◆ Work request
Starting at the line that contains "Perintah SQL ORDER BY", transcribe every remaining line of the data below exactly, and omit all pictures.

◆ Information supplied
# # # # #

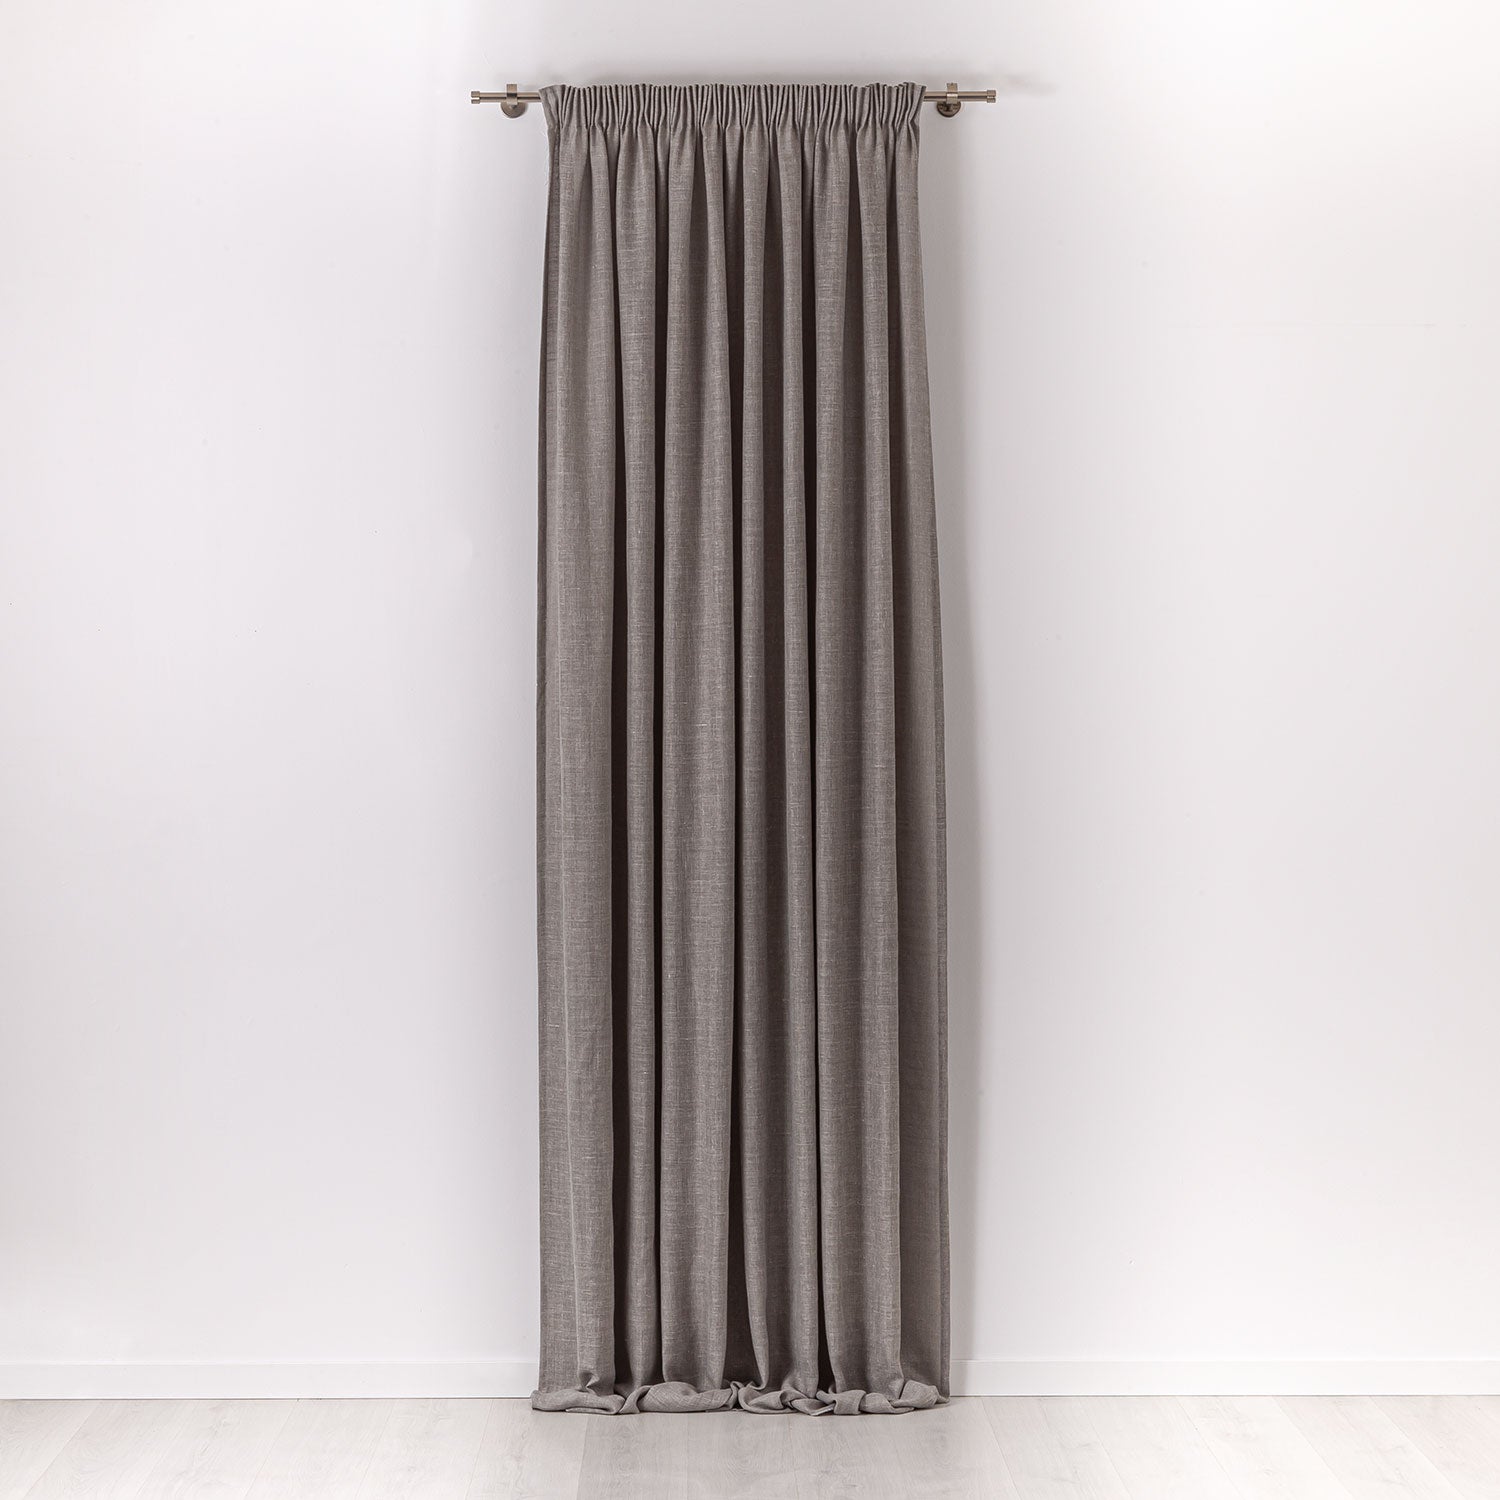 Cortina cinta gris cortinas salon tanslucida 280 x 300
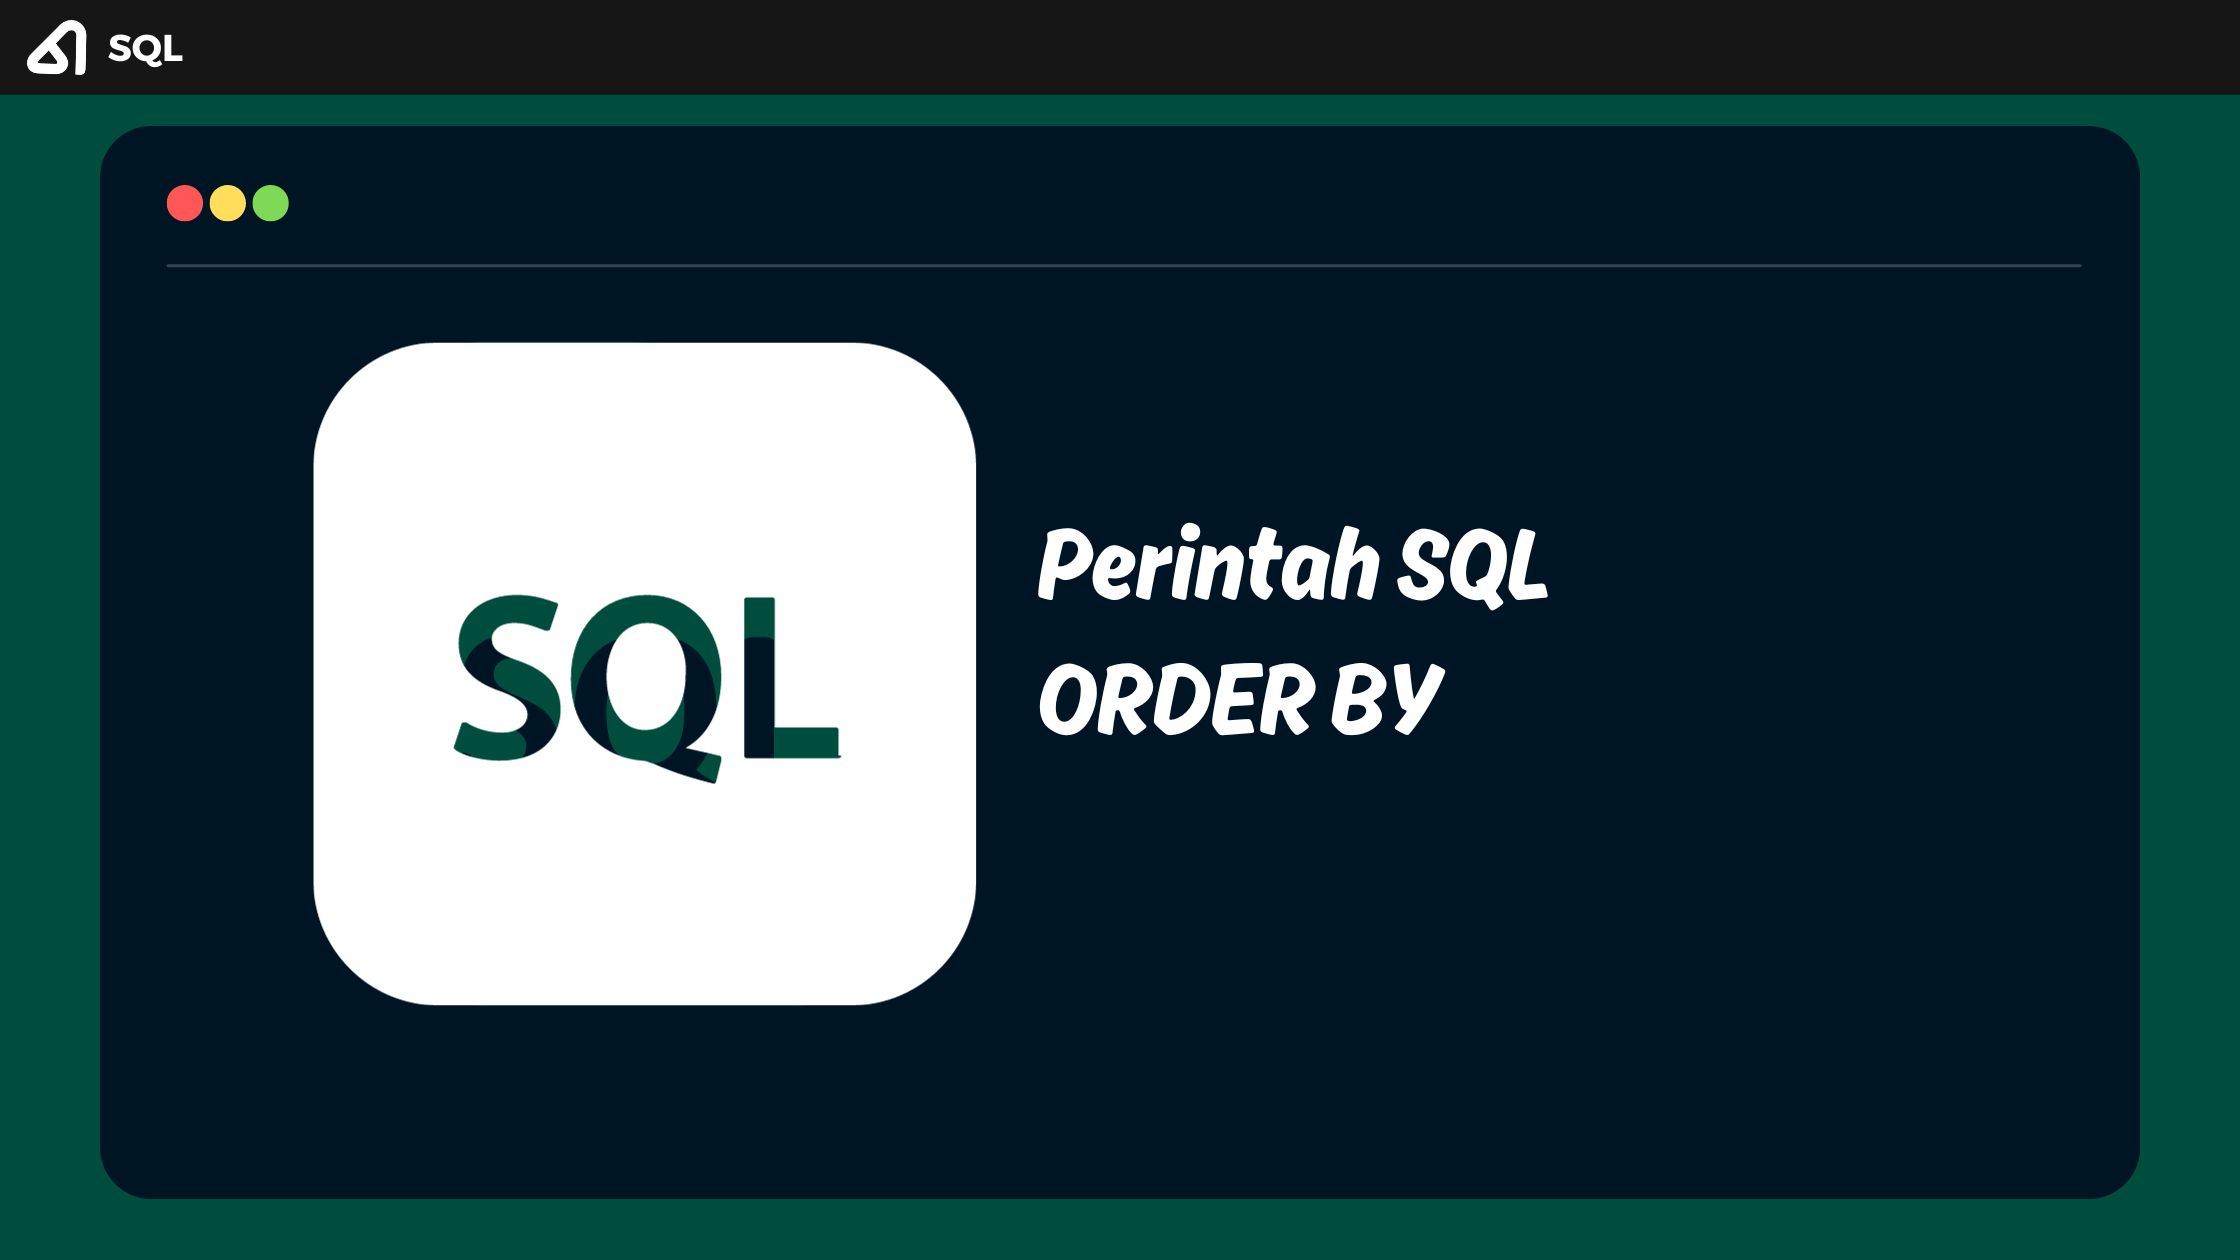 Perintah SQL ORDER BY
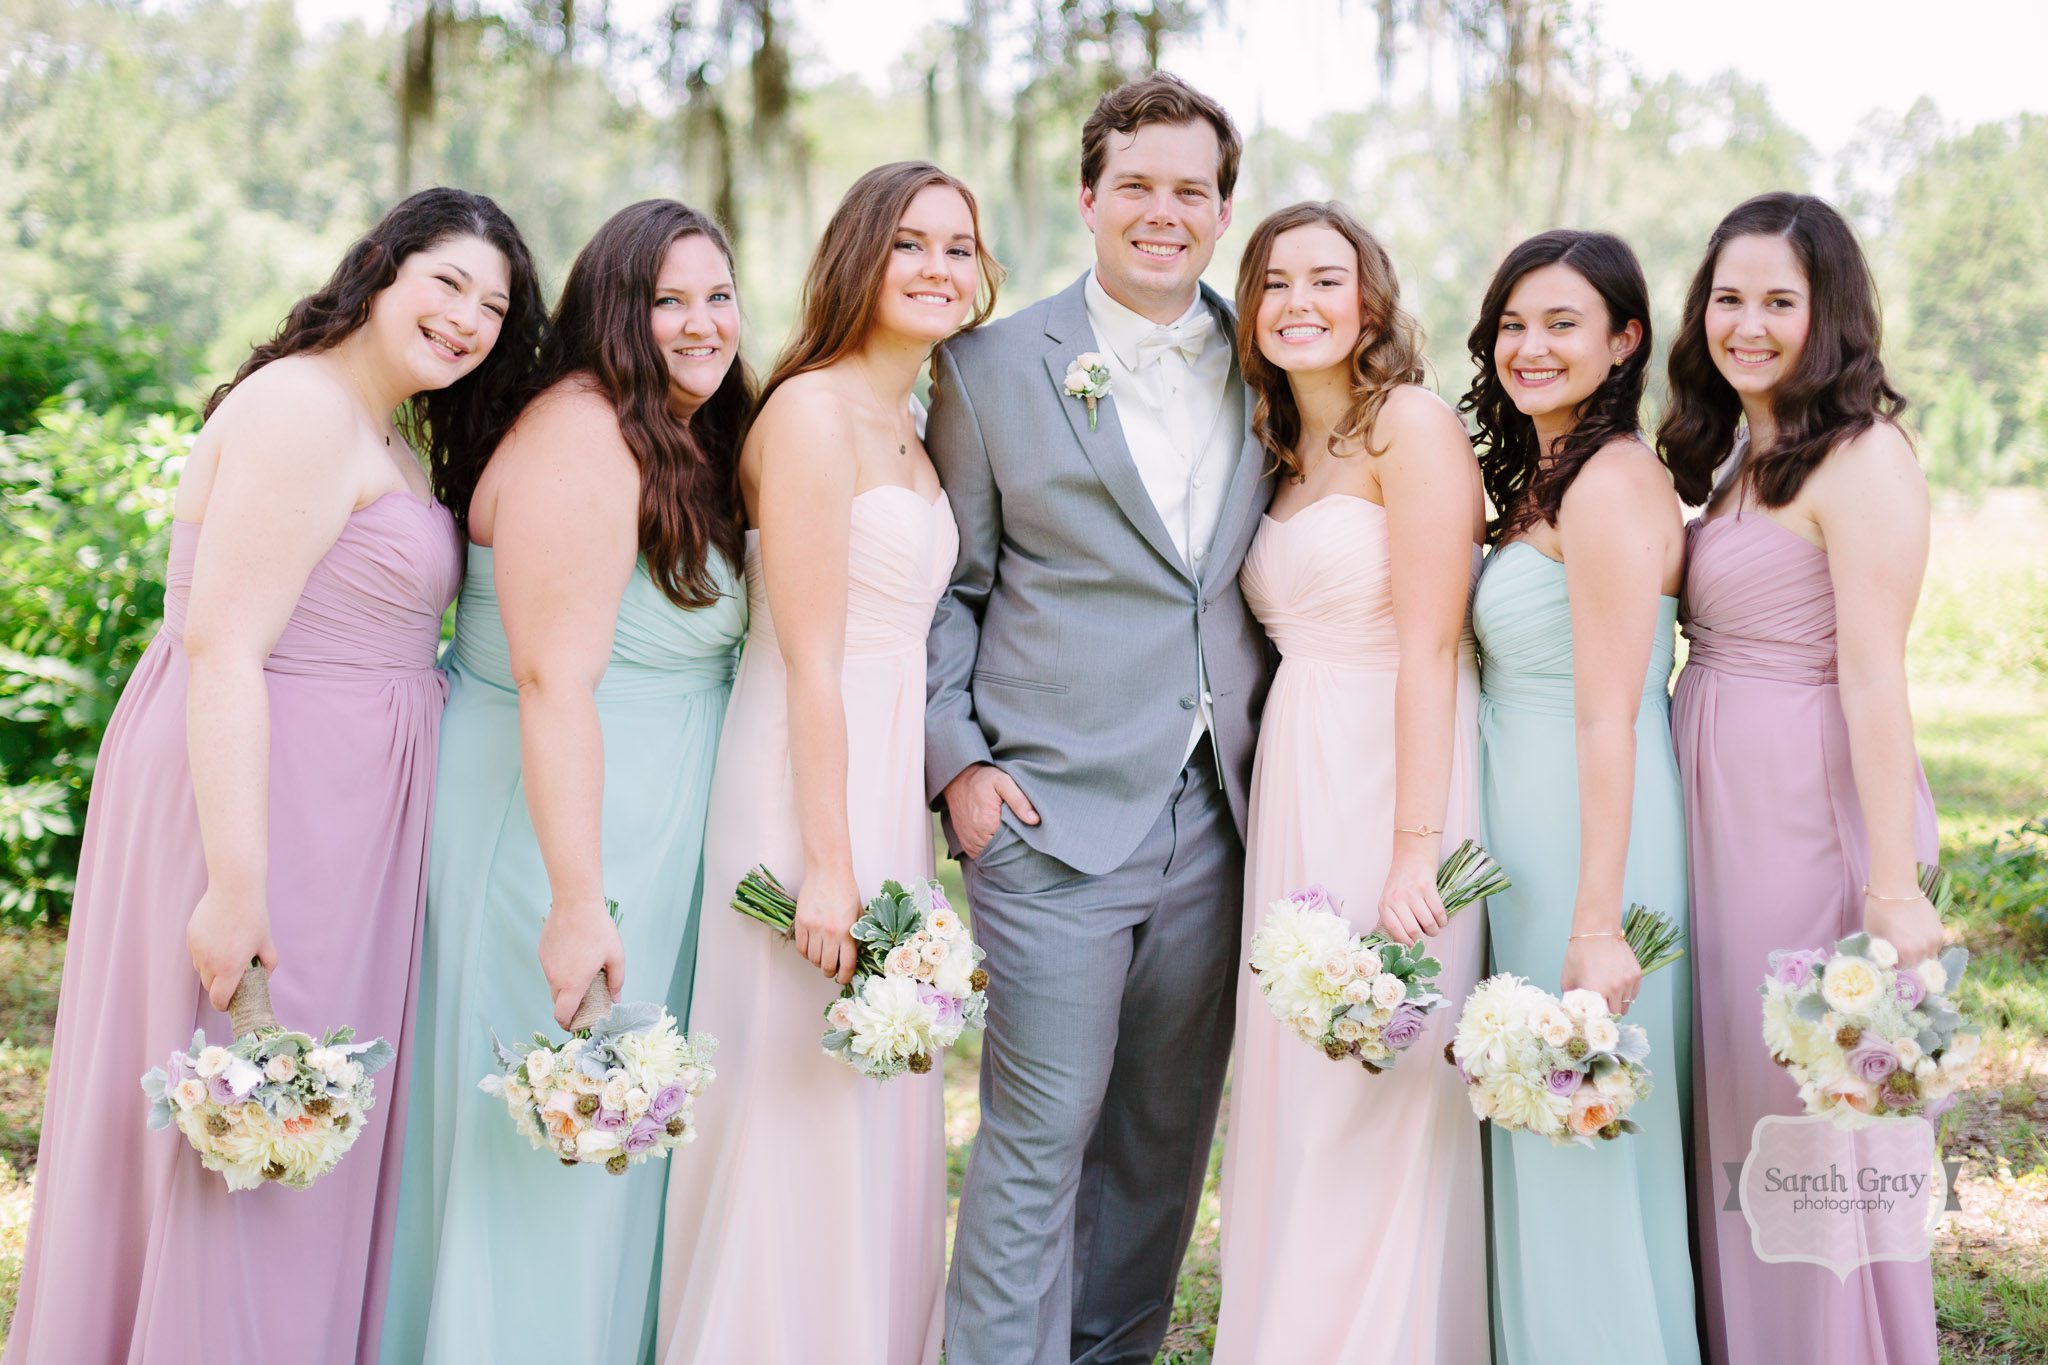 Sarah Gray Photography | Tallahassee Florida Wedding Photographer

# # # # #

◆ Expected answer
 Perintah SQL ORDER BY
 Sarah Gray Photography | Tallahassee Florida Wedding Photographer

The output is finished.